On October 10, 2005 a memorial service was held at the Fort Ord Main Chapel in the town of Seaside, California. Immediately thereafter, full military honors (which included a 21-gun salute and the traditional folding and presentation of the American flag) followed. The service ended with a six-plane missing man formation flyover by the Blue Angels. "Butch Voris' contributions to naval aviation and the nation's history were epic", said Cdr. Steve Foley, flight leader and commanding officer of the 2005 Blue Angels. "Concluding his memorial service with a fly-by the 2005 Blue Angel team will be a highlight of not only this season, but our careers as naval aviators as well. It truly reinforces our responsibility to preserve the legacy and ideals Boss Voris bestowed upon us 59 years ago. Said Lt. Garrett Kasper, public spokesman for the Blue Angels, "It is our team's honor to conduct a flyby, as our final salute to Captain Voris, and the most fitting way we can pay our respects to the Voris family."

==Quotations==
- "We got paid sooner than the other guys, 'cause they expected you to die. We always said, 'you gotta kid about this stuff."
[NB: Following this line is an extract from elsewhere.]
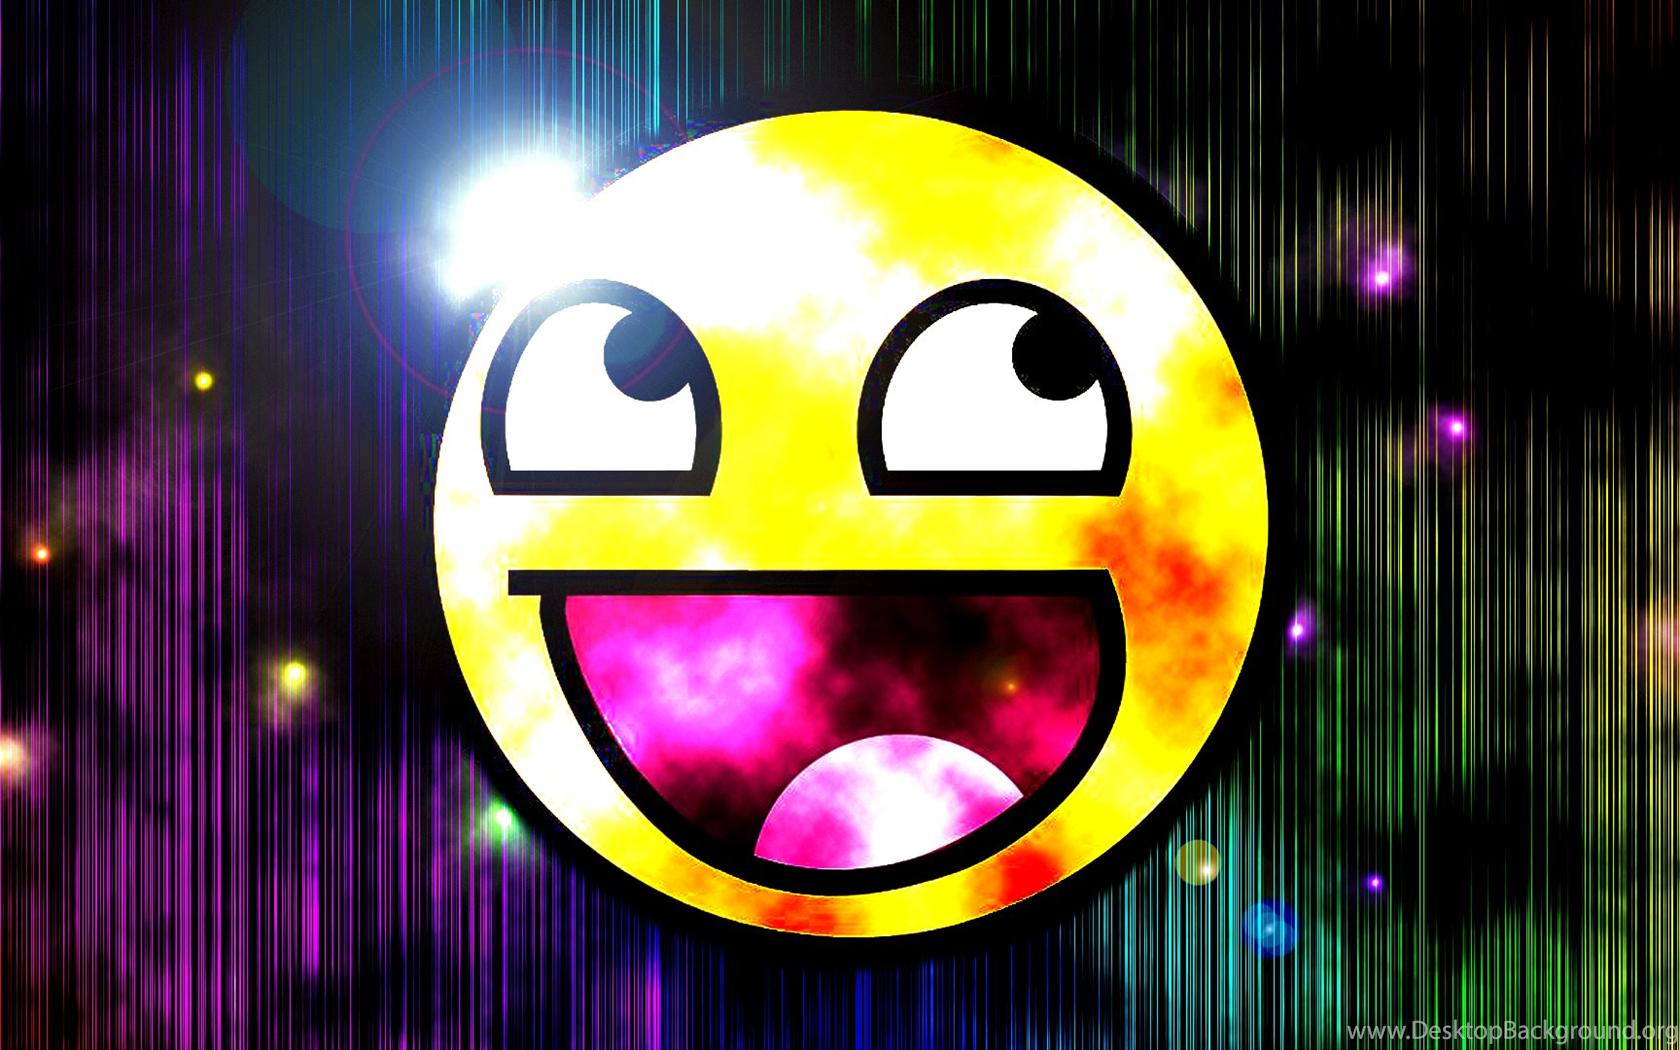 Hd Smiley Face Wallpaper: Epic Face Backgrounds Desktop Background
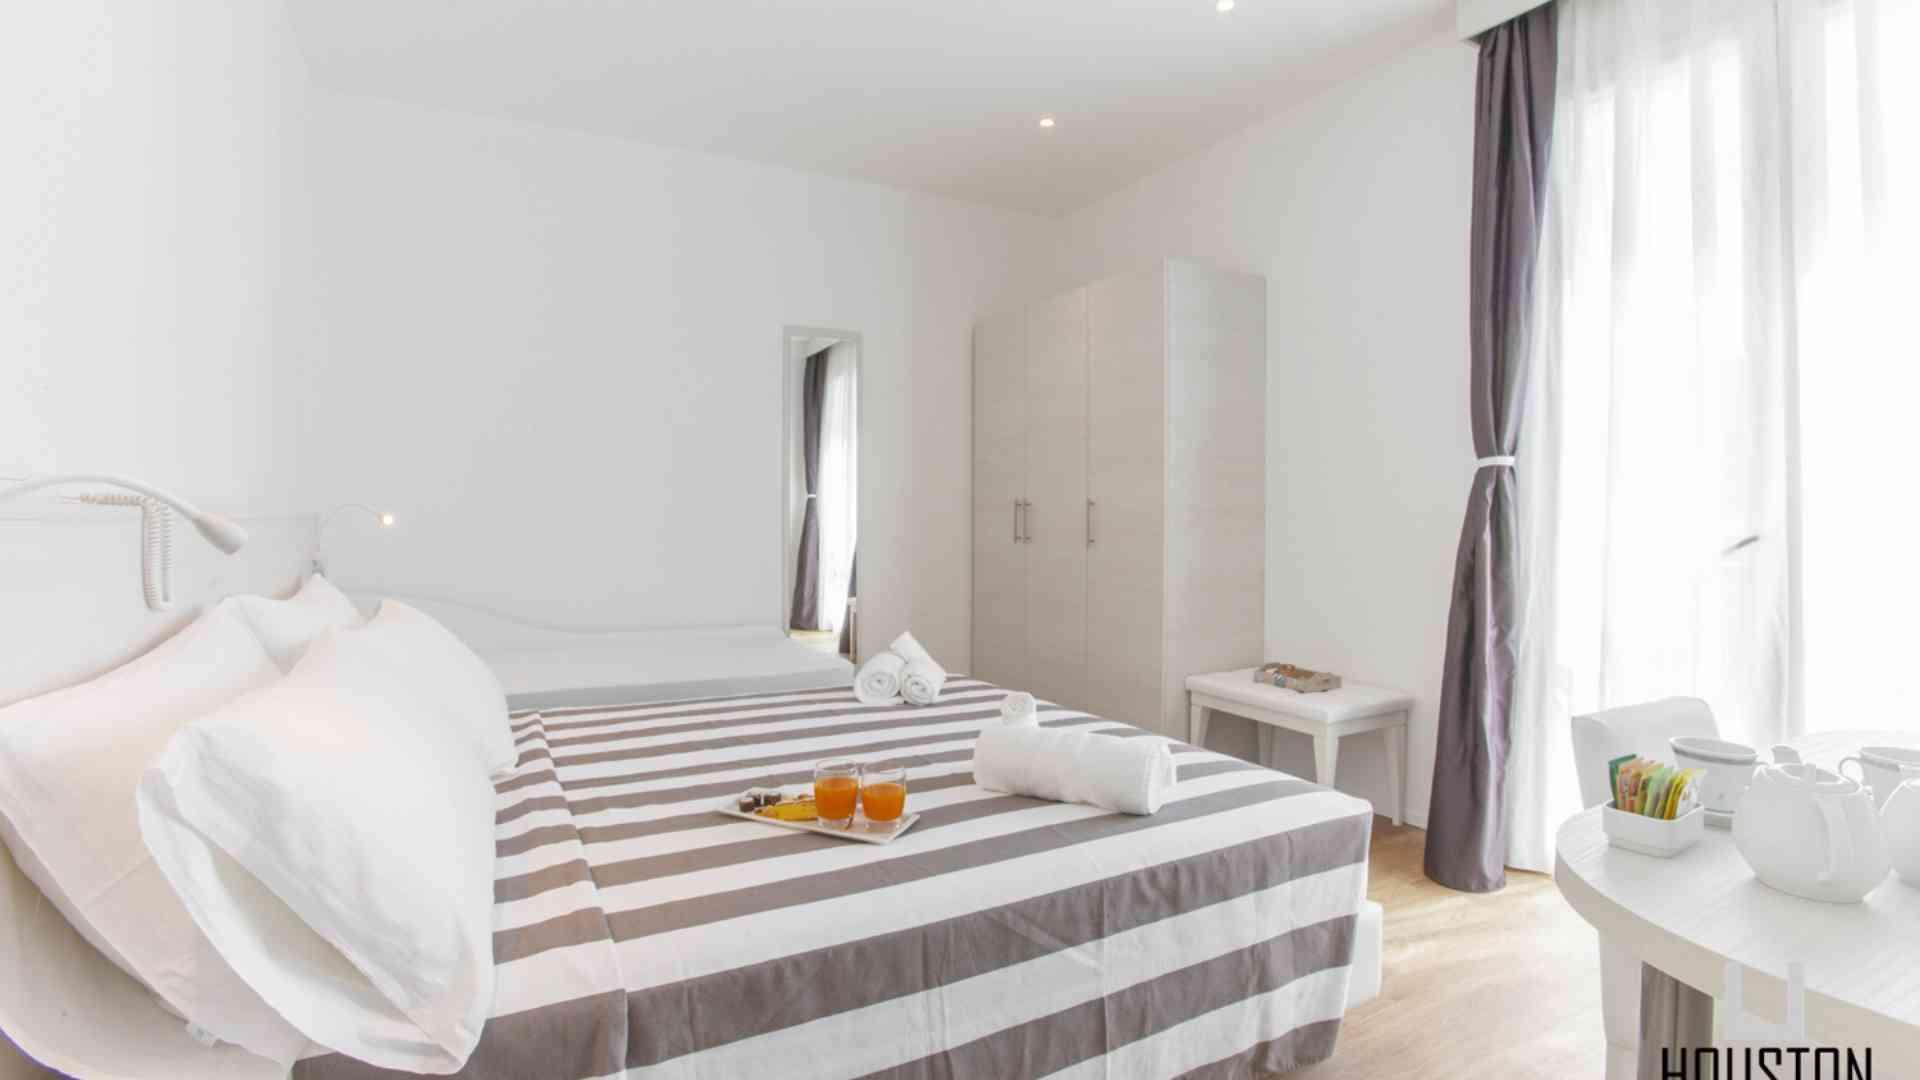 EVIDENZA_Camera_Houtson Hotel

- "It's the precision and perceived daring and high risk that you see in the team. We come down to ground level so people can see the types of maneuvers fighters do in combat. I think the public deserves to see what their taxes are paying for."
- "You fly as close together as a couple of feet...every once in a while you do a little bump and so forth. People ask me, 'How close do they fly?' and I'll say if we hit each other, it's too close and if we don't, we're too far apart."